Tchaikovsky's 6 Pieces, Opus 19, for piano solo and completed in 1873, consists of the six works indicated below:

1. Rêverie du soir (G minor)

2. Scherzo humoristique (D major)

3. Feuillet d'album (D major)

4. Nocturne (C-sharp minor)

5. Capriccioso (B-flat major)

6. Thème original et variations (F major)

From the Hyperion Records website at https://www.hyperion-records.co.uk/dw.asp?dc=W1031_68028:

The Six morceaux [short musical compositions], Op 19, were commissioned by Tchaikovsky’s publisher Pyotr Yurgenson (Jurgenson), a man of immense energy who by the time of his death in 1904 had established a considerable empire in the Russian music-publishing world, buying up at least seventeen smaller firms, among them that of Nikolay Bernard in 1885. The pieces were composed immediately after the symphonic fantasia after Shakespeare, The Tempest, in October and November 1873. Tchaikovsky was already an experienced composer for the piano; eight of his earlier opuses consist of piano music, and several of his titles for the Op 19 pieces have precedents there, as they do in the work of Robert Schumann, who stands as godfather to the set as a whole.

‘Rêverie du soir’ instantly captures the moods of languor, longing and resignation, which, thanks to countless poems, songs and films, are thought of as archetypal for the Russian soul. The middle section’s major mode promises more activity, but the tempo is explicitly marked to be the same, and sighing articulations ensure that there is still a watery film over the eyes. The fleetness and dexterity required by the ‘Scherzo humoristique’ are tempered by grazioso markings that remind us of the affinities of Tchaikovsky’s expressive world with the ballet. The same is true of the chimes at the heart of the slower central section, which would not be out place in The Nutcracker.

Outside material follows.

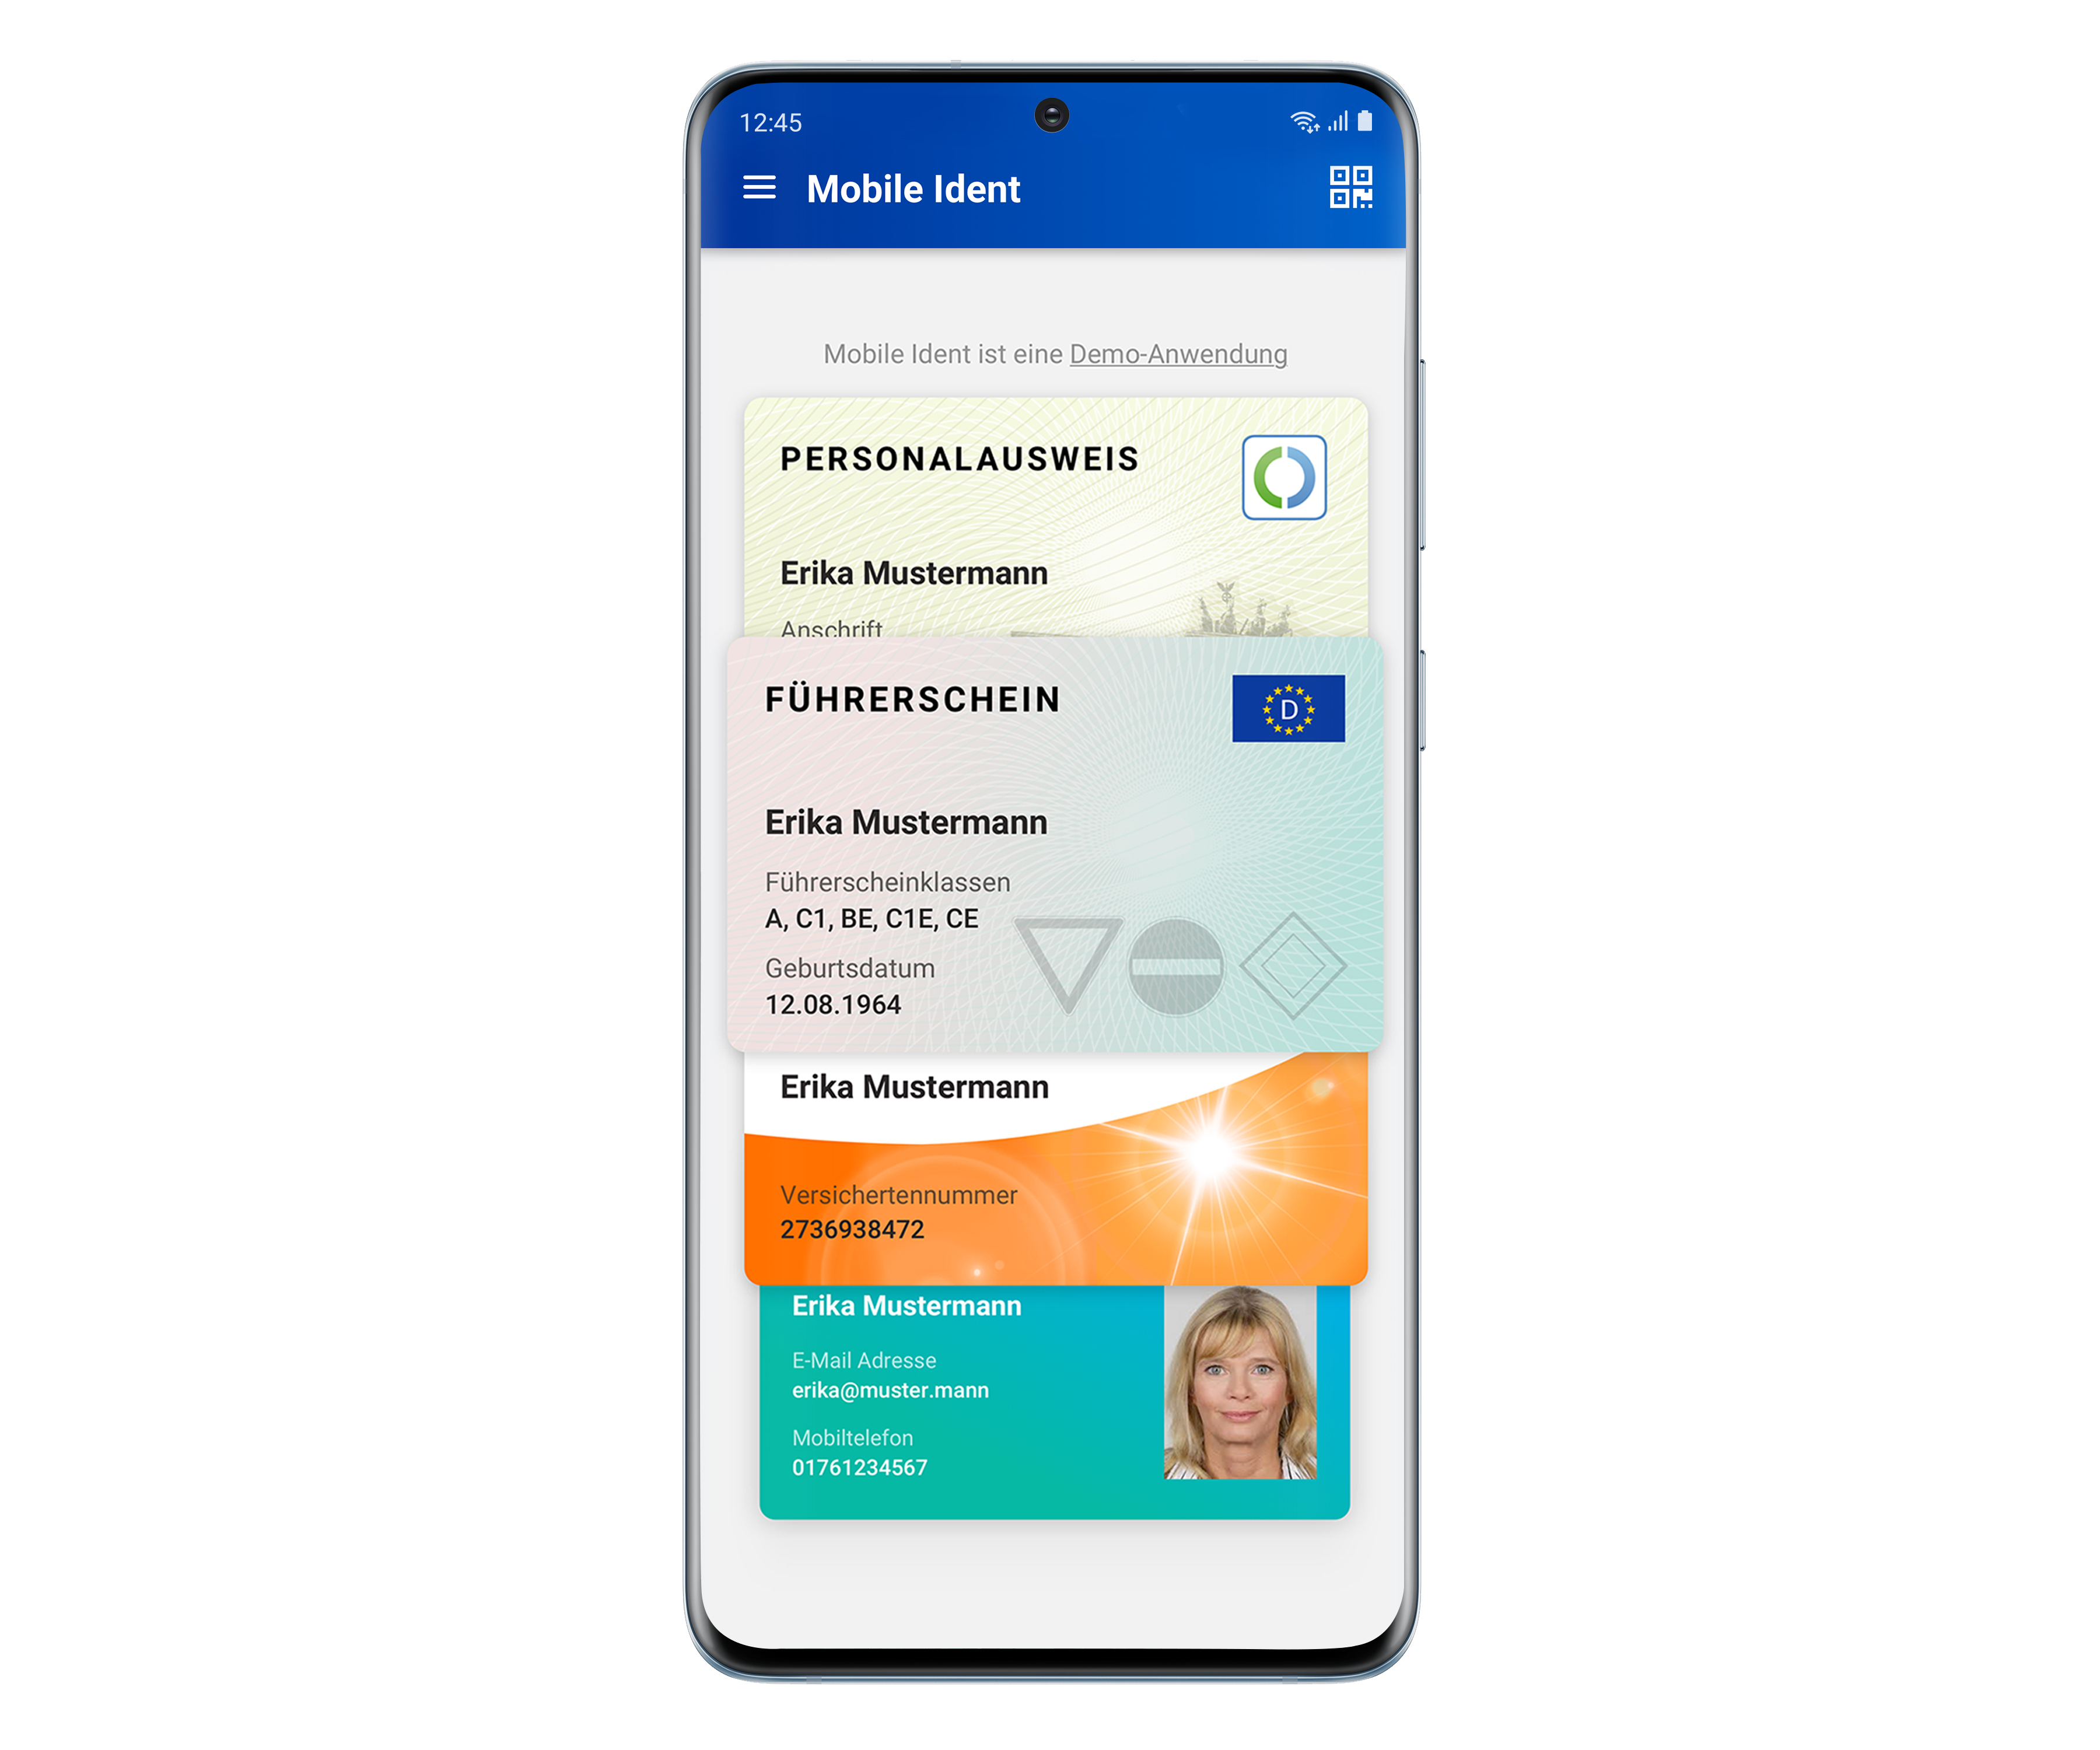 eID Mobile Ident App on the S20

More within the reach of amateurs is the ‘Feuillet d’album’ (‘Album leaf’), marked Allegretto simplice, which seems to come straight from a world of domestic story-telling. Andante sentimentale may be the marking for the ‘Nocturne’; but this too is more of a personal confession than an overt, public declaration, and the tone feels more warm-hearted than self-pitying. The ‘Nocturne’ was the most popular of the collection in its day, and in 1888 Tchaikovsky himself made a transcription of it for cello and orchestra.

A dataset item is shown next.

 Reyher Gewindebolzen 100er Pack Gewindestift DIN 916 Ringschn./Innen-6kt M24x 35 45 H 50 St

The penultimate piece starts intimately and even-temperedly, somewhat curiously for an idea that was supposed to be part of a symphony (never realized as such). Just as it seems to be sinking into slumber, however, a bustling Allegro vivacissimo middle section shows that the ‘Capriccioso’ title is not accidental. The return to intimacy is not fundamentally disturbed by the fuller texturing of the material.

Dedicated to Hermann Laroche, music critic and essayist, and one of Tchaikovsky’s staunchest public supporters, the concluding ‘Thème original et variations’ is often heard as a self-sufficient concert piece, but it also makes a satisfying conclusion to the opus as a whole. The unassuming lyrical theme spawns variations that unfold its inner secrets at the same time as unobtrusively referring back to the textures and moods of the other pieces in the collection. The penultimate variation is marked Alla Schumann, perhaps because of its passing resemblance to the finale of Schumann’s Études symphoniques. However, there is little of the vaulting ambition of that work elsewhere in the variations. Both in the characters of each variation and in their succession—from the amorous No 5 to the mock-academic fugato in No 6, to the quasi-chorale of No 7, the boulder-tossing of No 8 and the Alla mazurka No 9—there is more playfulness and grace than anything profound or soul-searching. Even so, the overall affinity with Schumann, in terms of both piano-writing and emotional tenor, remains as unmistakable here as it is in The seasons.